酸性雨によって、抵抗力のない小さな魚から死んでいって、
大きな魚だけがかろうじて生き残っていたのでした。
そのうち酸度(Ph)が酸性により傾くと湖から生物はいなくなってしまいました。
こうしたのは酸性雨被害の初期症状にあたります。

黒い森

先程の例は河川や湖沼の生物が死滅するという話でした。

それが進むと今度は、森林の気も枯れます。
ドイツの南部にある「黒い森」(シュヴァルツヴァルト)の木が枯れています。

シュヴァルツヴァルトとは?

植林活動によって、人工的に作られた人工の針葉樹林です。

黒い森の由来
モミの木や唐檜(トウヒ)の木といったような
うっそうとした森林樹林になっているからです。
その「黒い森」が枯れていく。

ドイツの農業への影響

ドイツの農業では、ハーバー・ボッシュ法の発明以降、
窒素肥料として、化学肥料を農地に投入していました。

当時の農業は、窒素・リン酸・カリウムだけで、
植物は大きくなると考えていました。

ですから、他にも必要だった硫黄など
ミネラル分が欠乏した土地でした。

硫化酸化物の雨が降ると、
硫黄がもたらされ豊作になったそうです。

Just a moment...

一概に植物には害であるとは、
言い切れないのが、
農業の現実です。

銅像の涙

酸性雨によって、銅像が溶けることで、
歴史的な建造物が被害を受けています。

大理石(CaCo3)+硫酸H2SO4→石膏CaSO4+炭酸H2CO3

となって、脆い石膏ができます。
現代家屋の壁材として使われる
石膏ボードに使われているような
石膏ですから非常に脆いです。

金属も溶かすので、溶けて流れたものが、
泣いているようにも見えるようになります。

アジアの例

環境意識が低い中国

近年では、中国でも深刻な酸性雨が発生しています。

中国は、経済発展を環境保全よりも優先させており、
まだまだ環境に対する意識が低いからです。

工場には脱硫装置などはほとんど見られず、
酸化物を抑制していません。

また、中国では発電の中心は、
石炭火力発電なので、
燃焼時に大量の酸化物が放出されます。

しかも、これらは偏西風や冬季の北西モンスーンに乗って
日本海側に運ばれています。

PM2.5
PM2.5とは、大気中に浮遊している2.5μm以下の小さな粒子状の物質のことを言います。
自動車の排気ガスや工場のばい煙などから発生します。
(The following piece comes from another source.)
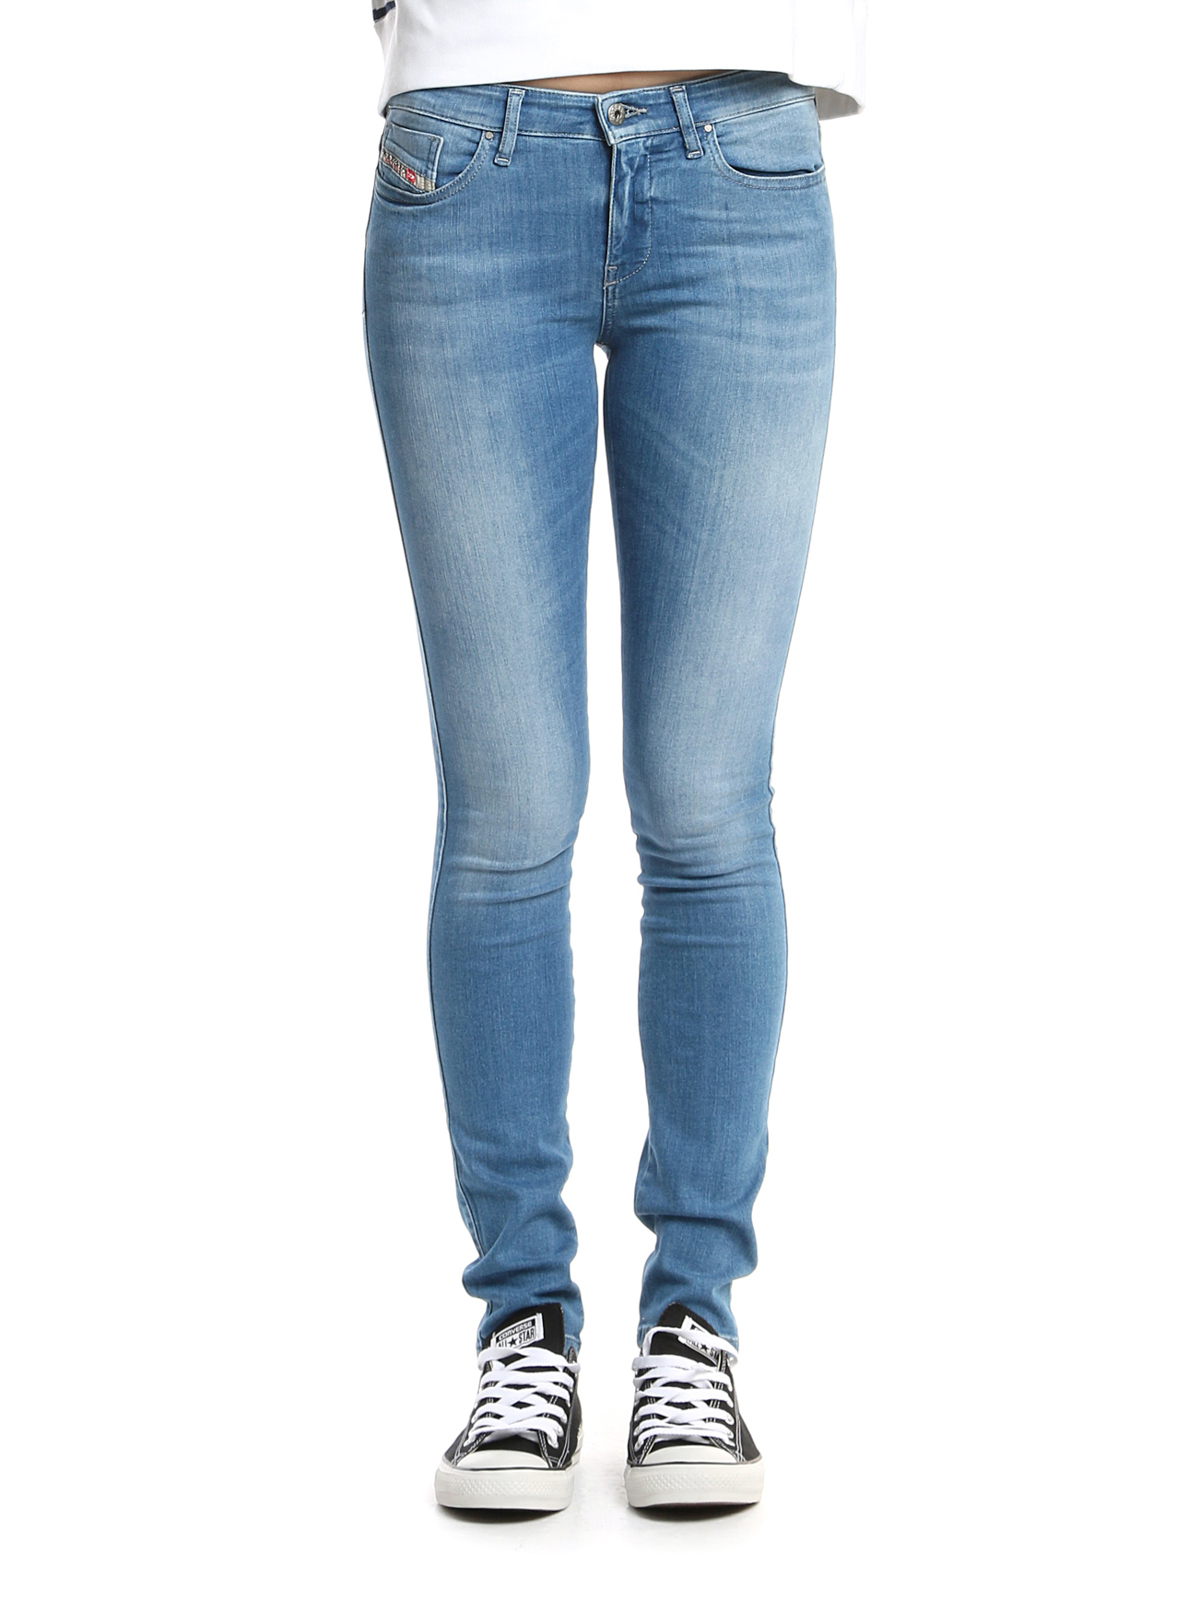 Skinny jeans Diesel - Skinzee jeans - S1420839P01 | Shop online at iKRIX

非常に小さな粒子なために、非常に軽く、遠くまで浮遊しやすく、人間がこれを吸い込んでしまうと、肺の最奥部まで入り込み、呼吸器系や循環器系に影響を及ぼすこともあります。

 

酸性雨への対策

森林が枯れるのを防ぐために、
石灰を散布することにしました。

石灰はアルカリ性で、
農業でもpHの調整で使われています。
酸とアルカリで中和させようと試みたわけです。

でも、世界中に石灰を散布することは、
難しいです。

もっと根本にある硫黄酸化物や窒素酸化物を
大気中に出させないことが肝心です。

そこで、工場や火力発電所に
排煙脱硫装置をつけること、
自動車の排気ガスを規制すること、
といった対策が盛り込まれるようになりました。